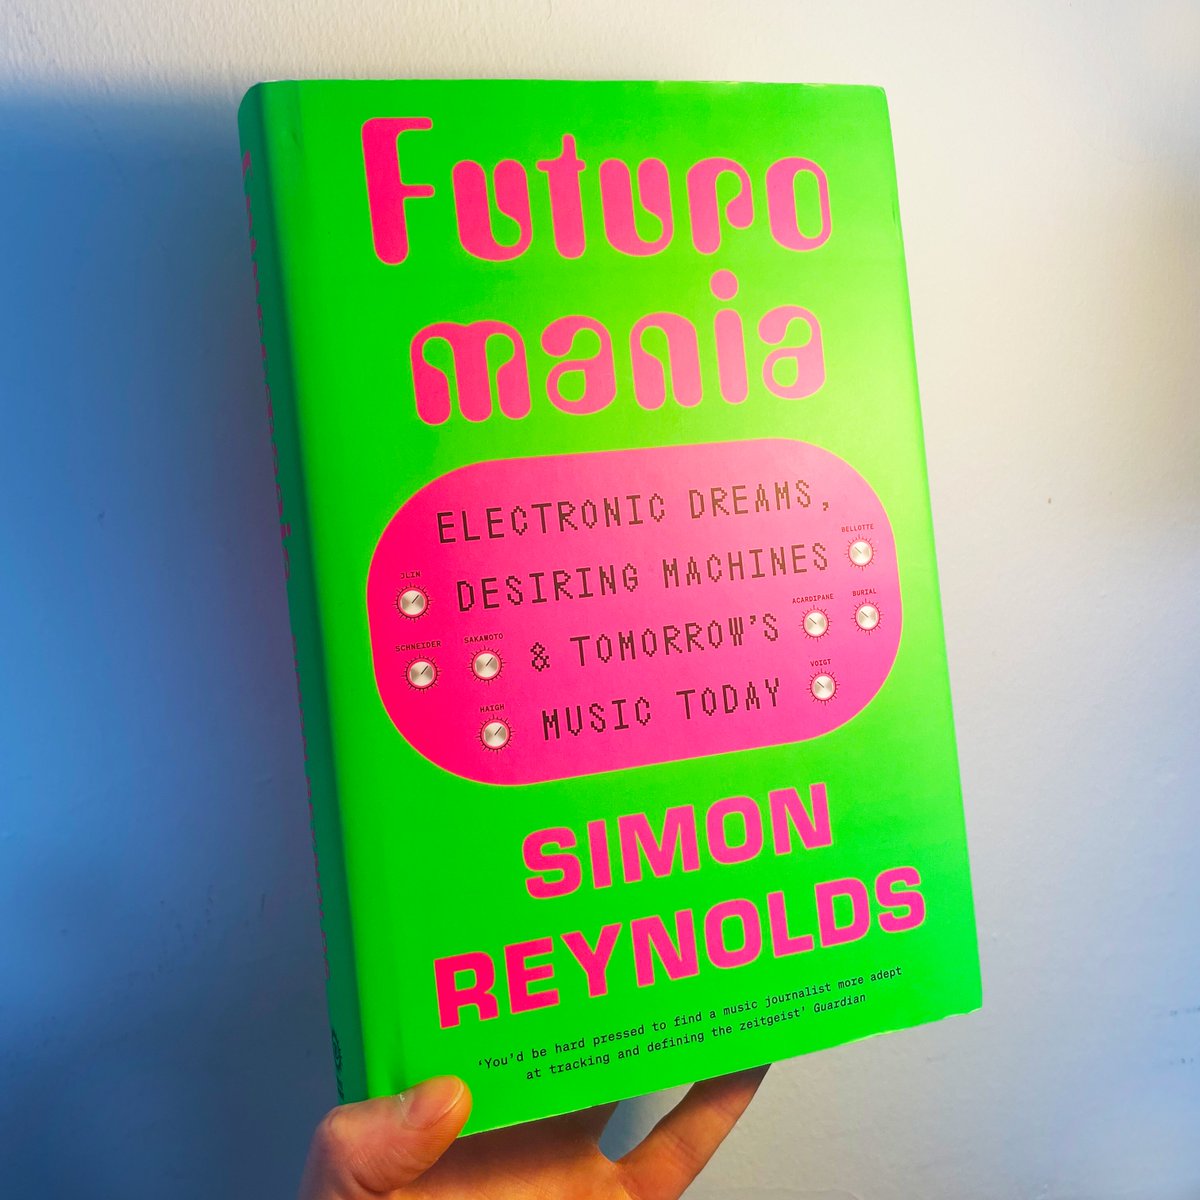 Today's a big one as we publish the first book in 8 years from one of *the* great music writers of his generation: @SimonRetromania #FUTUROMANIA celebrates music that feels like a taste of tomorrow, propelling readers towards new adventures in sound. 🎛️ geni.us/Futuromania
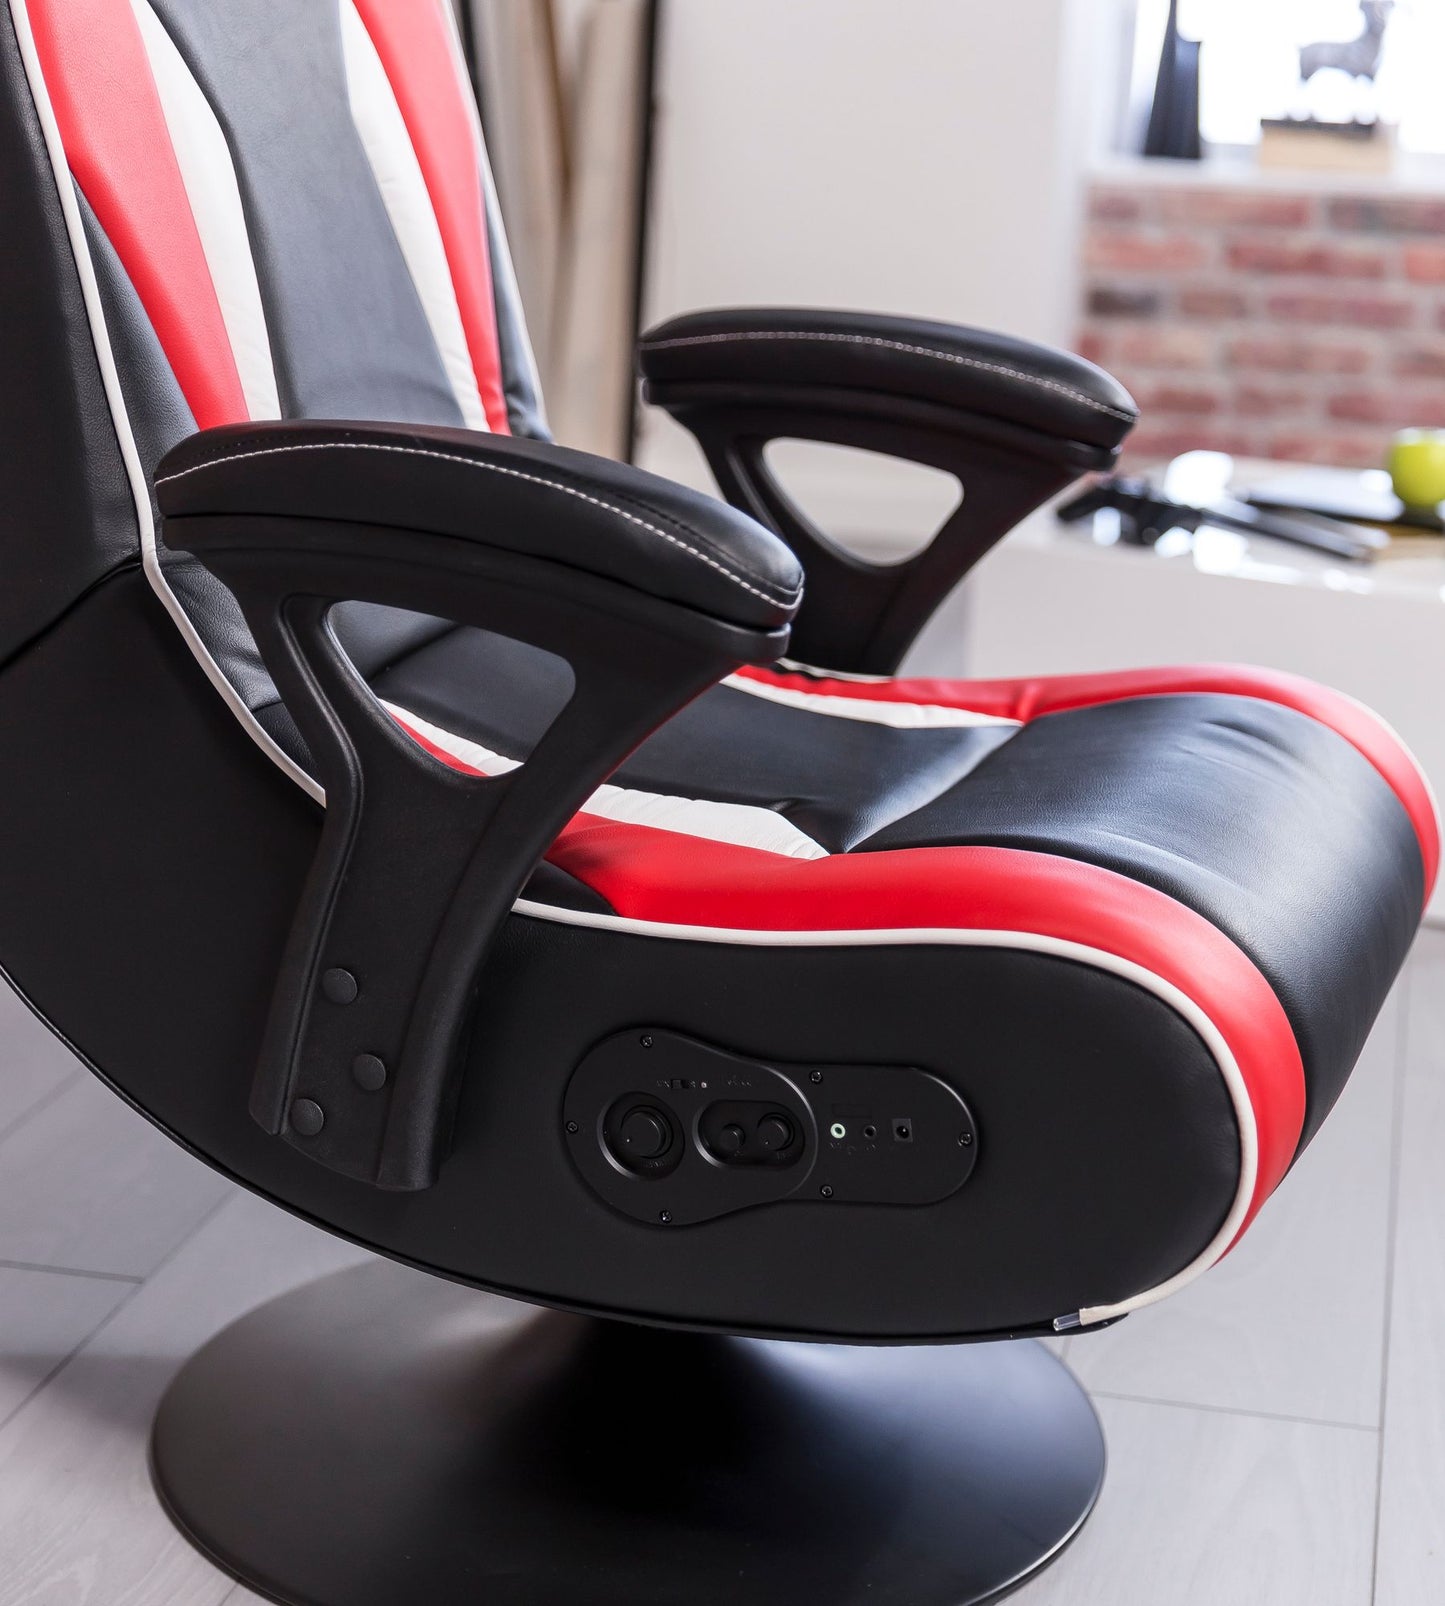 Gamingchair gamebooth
---
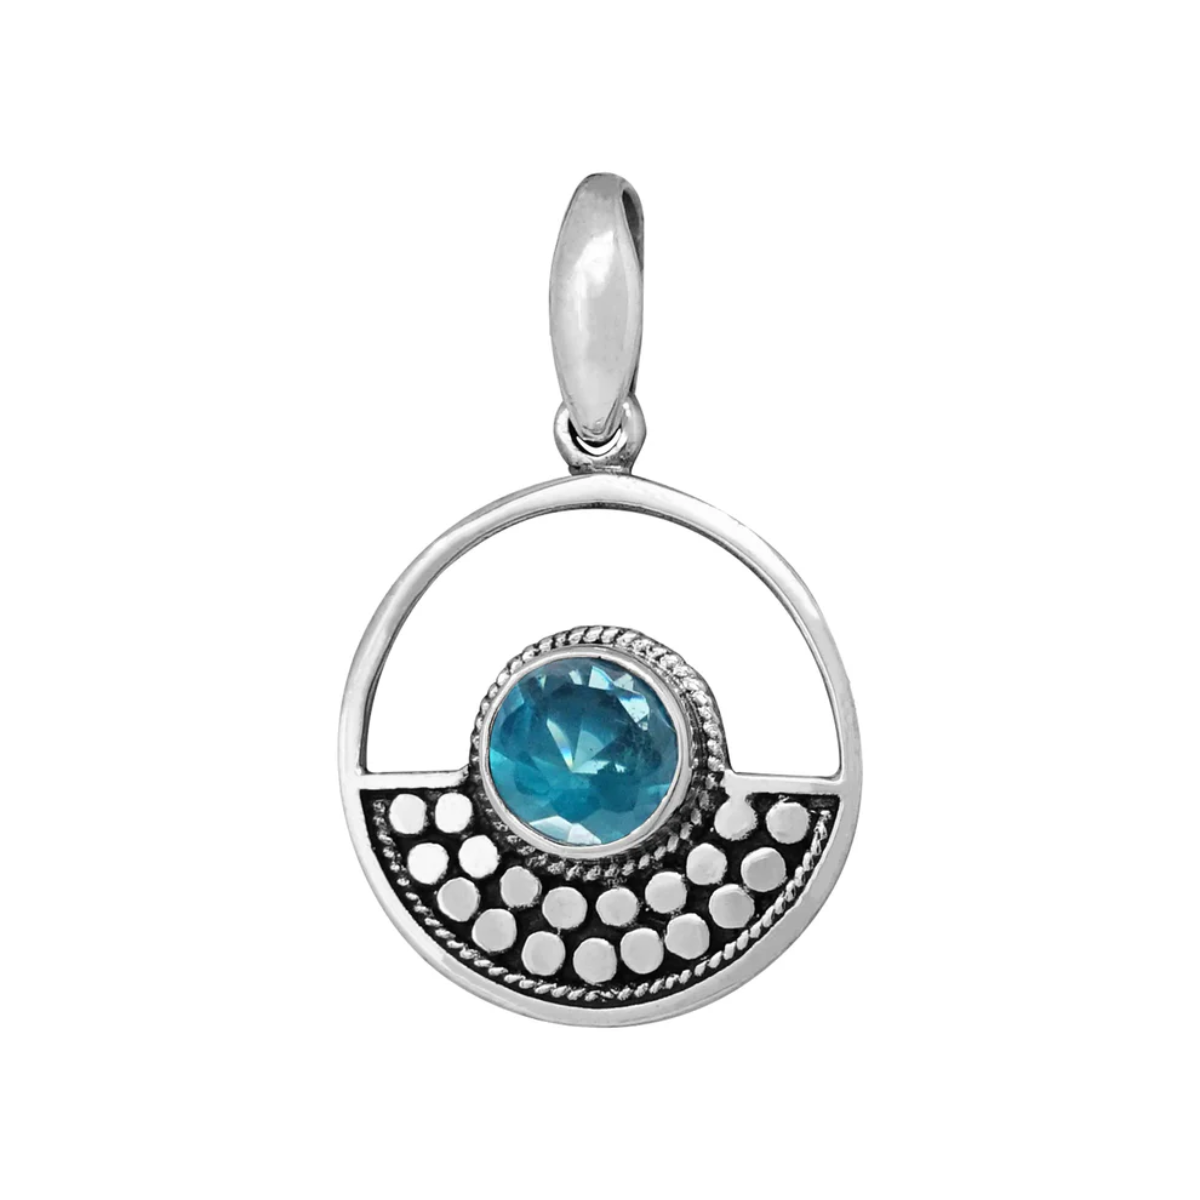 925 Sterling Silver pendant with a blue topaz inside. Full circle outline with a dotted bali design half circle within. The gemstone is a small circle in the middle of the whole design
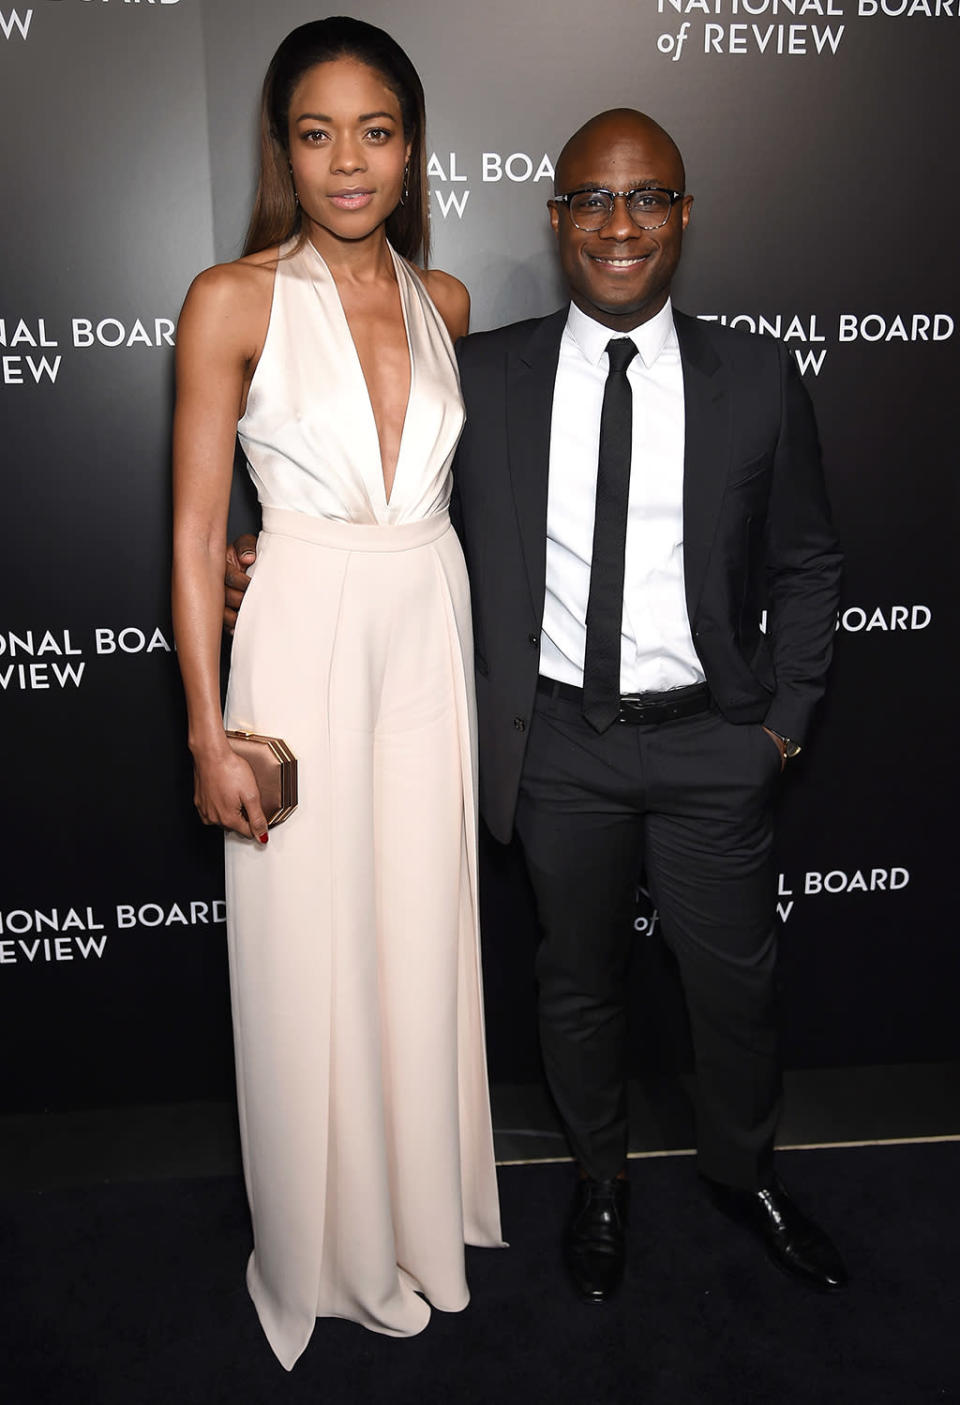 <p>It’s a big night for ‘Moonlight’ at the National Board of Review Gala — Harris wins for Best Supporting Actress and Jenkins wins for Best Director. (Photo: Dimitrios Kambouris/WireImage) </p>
==
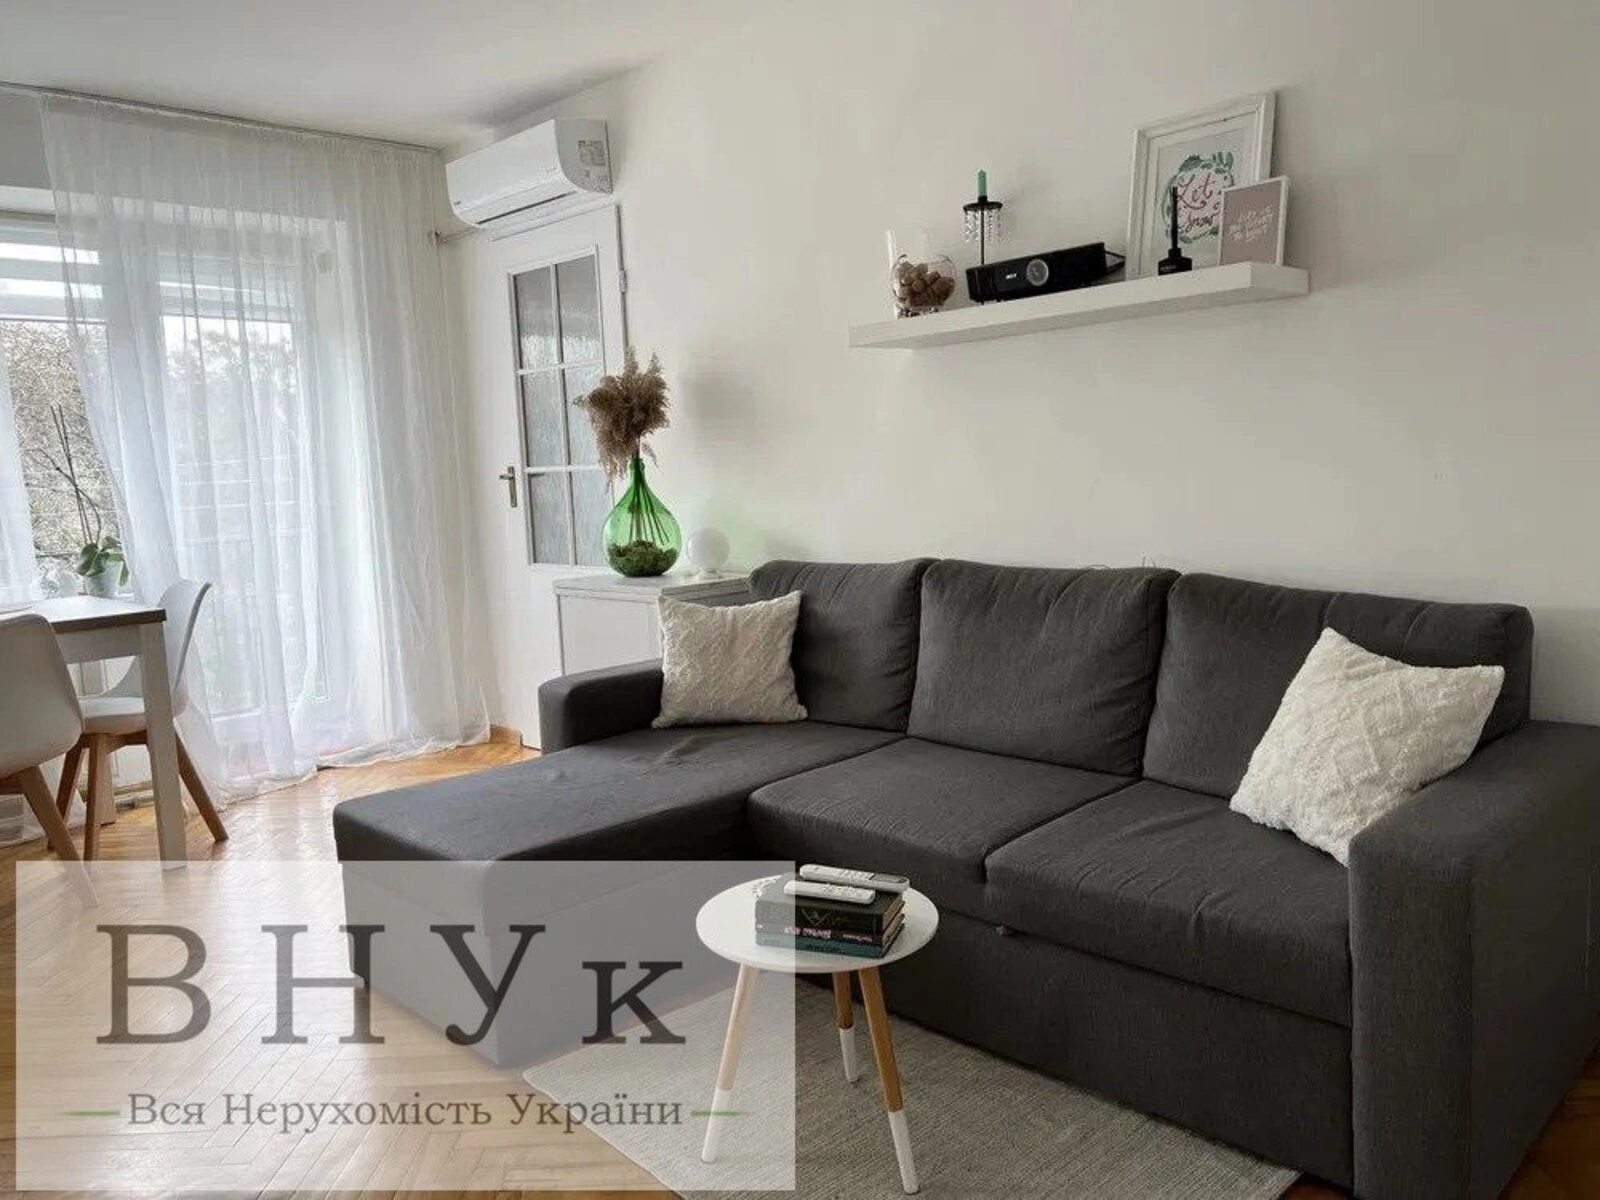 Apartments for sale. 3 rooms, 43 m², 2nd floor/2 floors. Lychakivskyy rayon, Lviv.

▸ **WHAT THIS TASK INVOLVES**: Would you write out exactly the lines above, starting at the line containing "Today's a big" and stopping after the line containing "Gamingchair gamebooth"? Omit the pictures.

▸ **PROBLEM SOLUTION**:
 Today's a big one as we publish the first book in 8 years from one of *the* great music writers of his generation: @SimonRetromania #FUTUROMANIA celebrates music that feels like a taste of tomorrow, propelling readers towards new adventures in sound. 🎛️ geni.us/Futuromania
 Gamingchair gamebooth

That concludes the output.